Well first off, you need to get a board for your given weight that will work well. Secondly, if this is your first time getting into it, you don't need a top brand board, but something that will hold up easily. For beginners, in all honestly, most if not all boards will hold up fine, only when you hit the park and or start abusing it does the factor kick in for great board quality. I would look at getting a board to suit your weight style and getting one on the shorter end to help you learn turns quicker and pick it up faster. After you outgrow it within a year or two, then look to a different board.

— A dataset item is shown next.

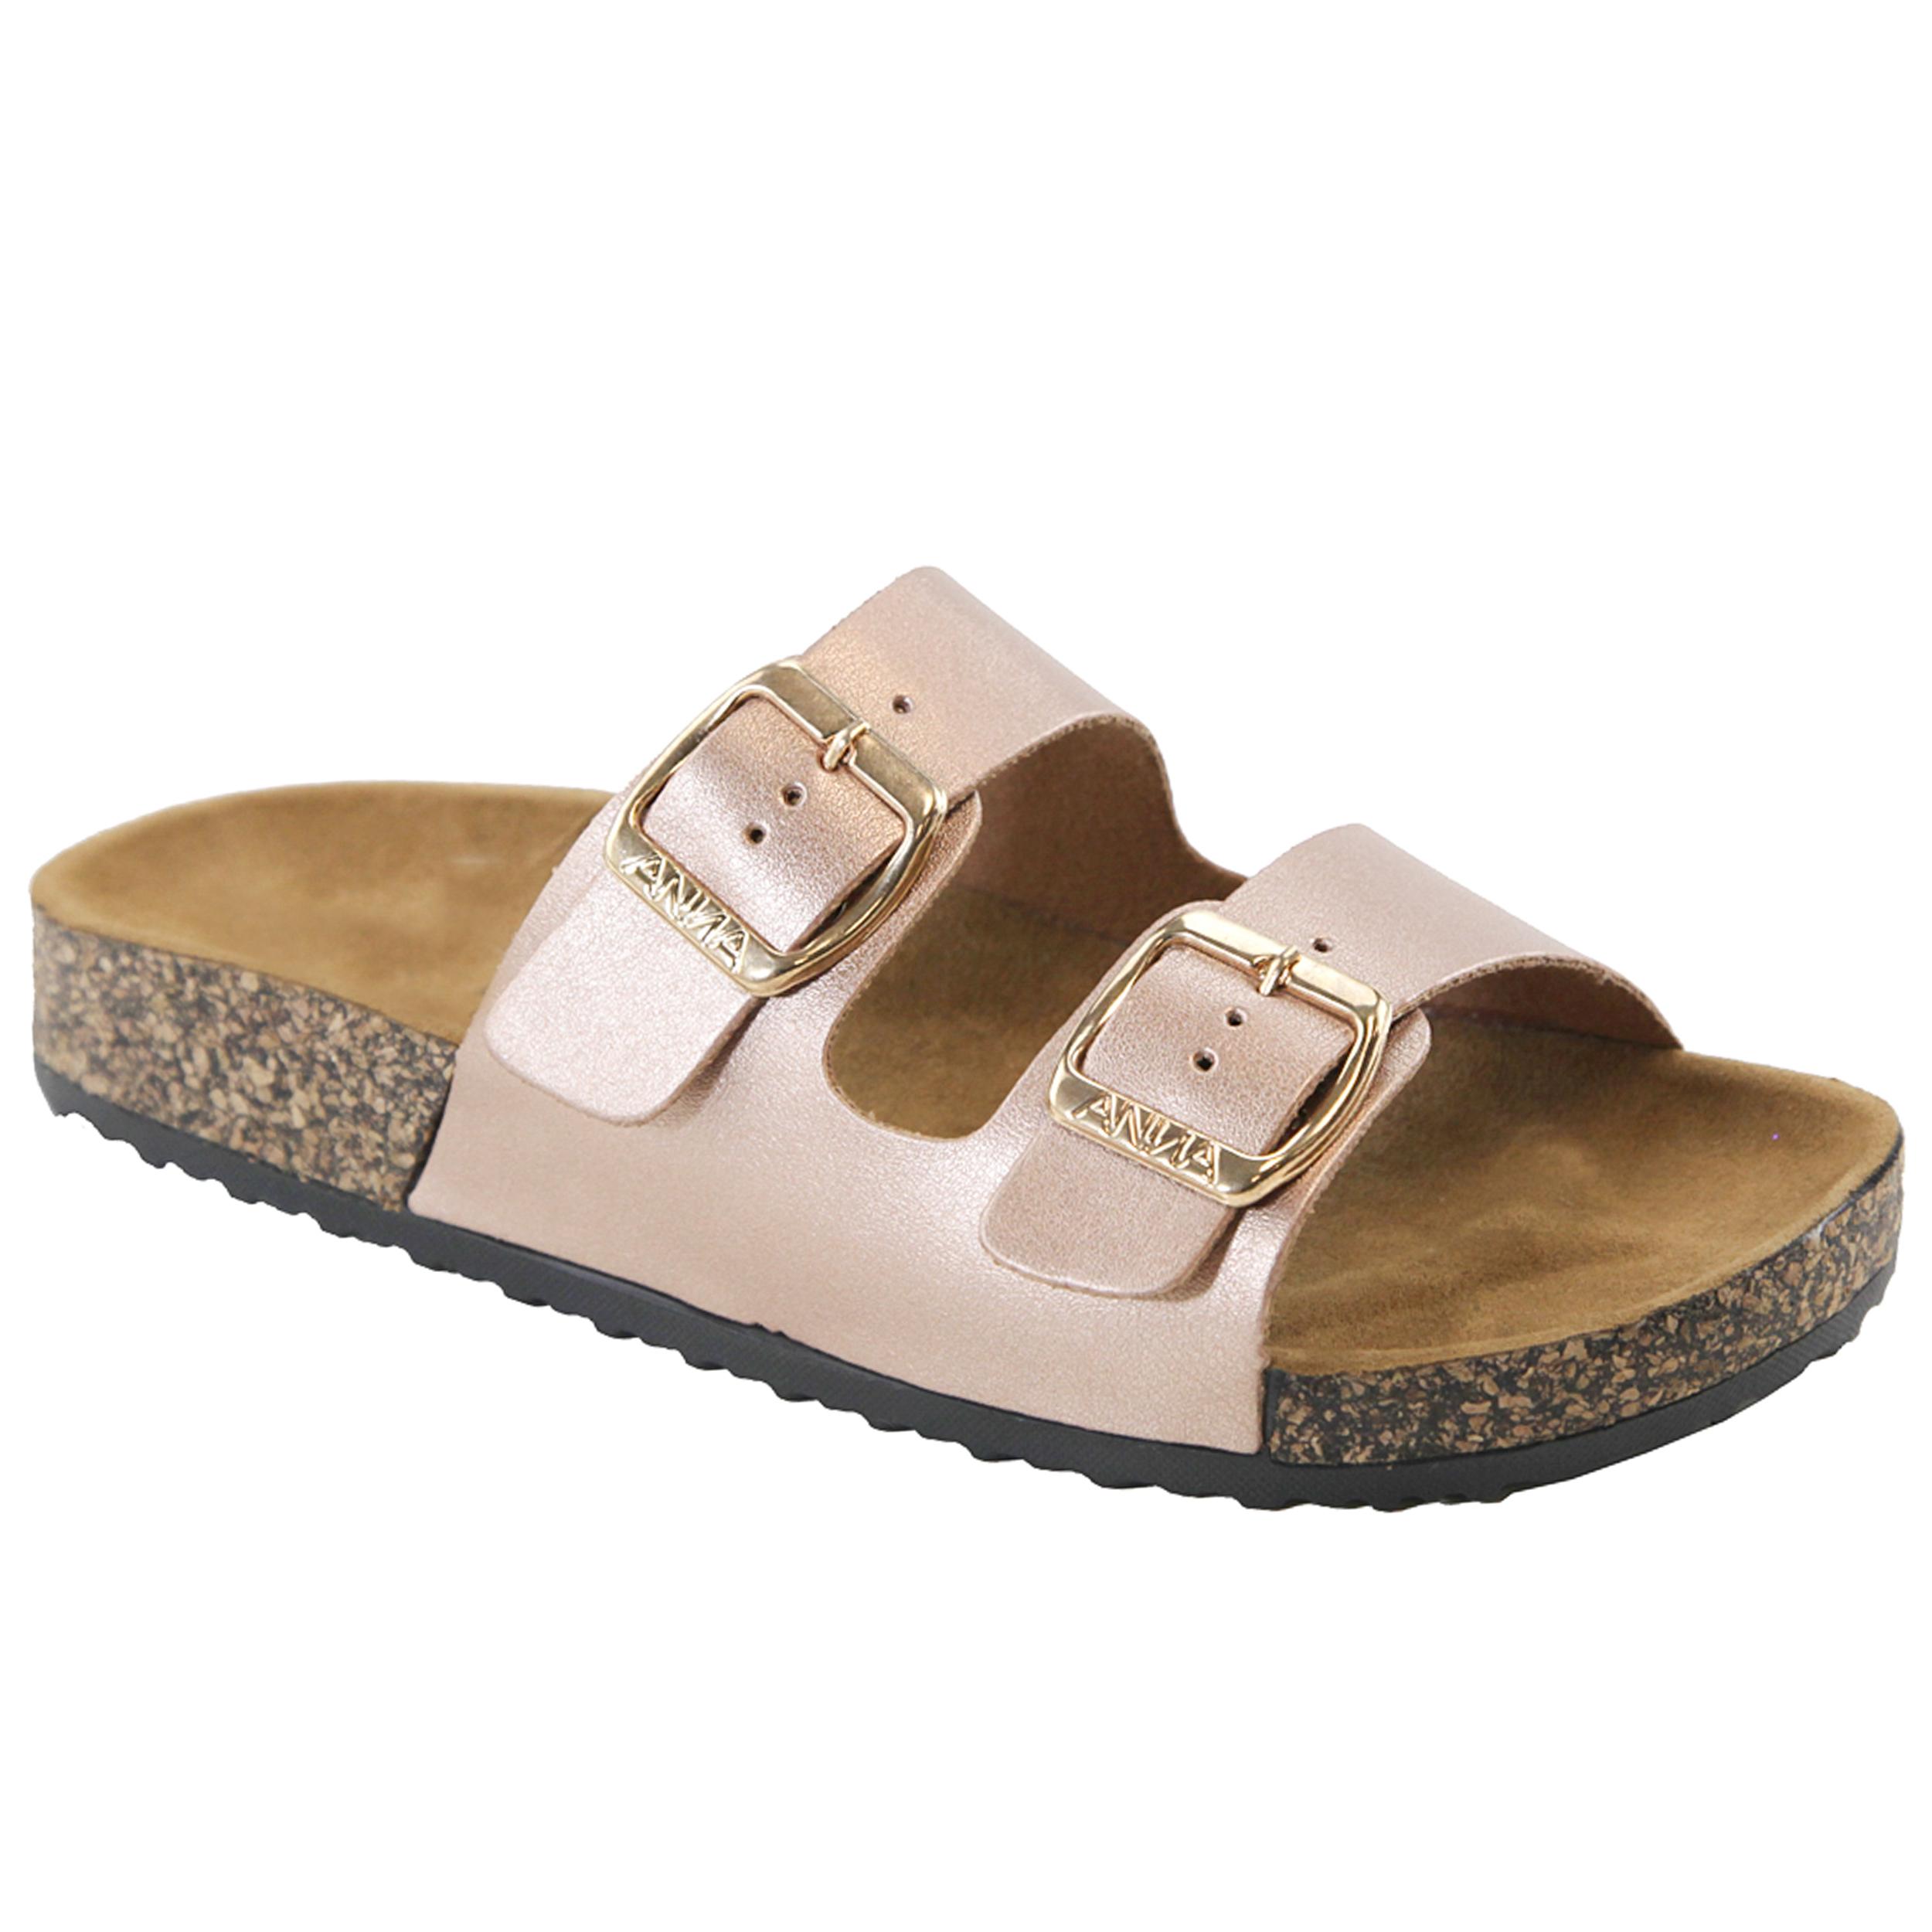 Women's Casual Buckle Straps Sandals

To directly answer your q? I haven't heard of that brand in particular, but check out board scales online to get an idea what size board is good for your weight before pulling the trigger on a first time board.


----------



## Guest (Feb 8, 2009)

Thankyou for your response

That answers the quetion of should i jump straight in and spend a few hundred quid on a board, i think i will get the ebay one for now as it seems good enough to learn on.


----------



## B.Gilly (Jul 23, 2008)

Kempers are an old brand not sure when the stopped making boards but the came about in the late 80's they where decent back then but you are better of getting something fairly newer. Just shop around a bit once you figure out what board style you need. Lot of board shops online can easily find a decent board right now for little over 200 dollars or so.


----------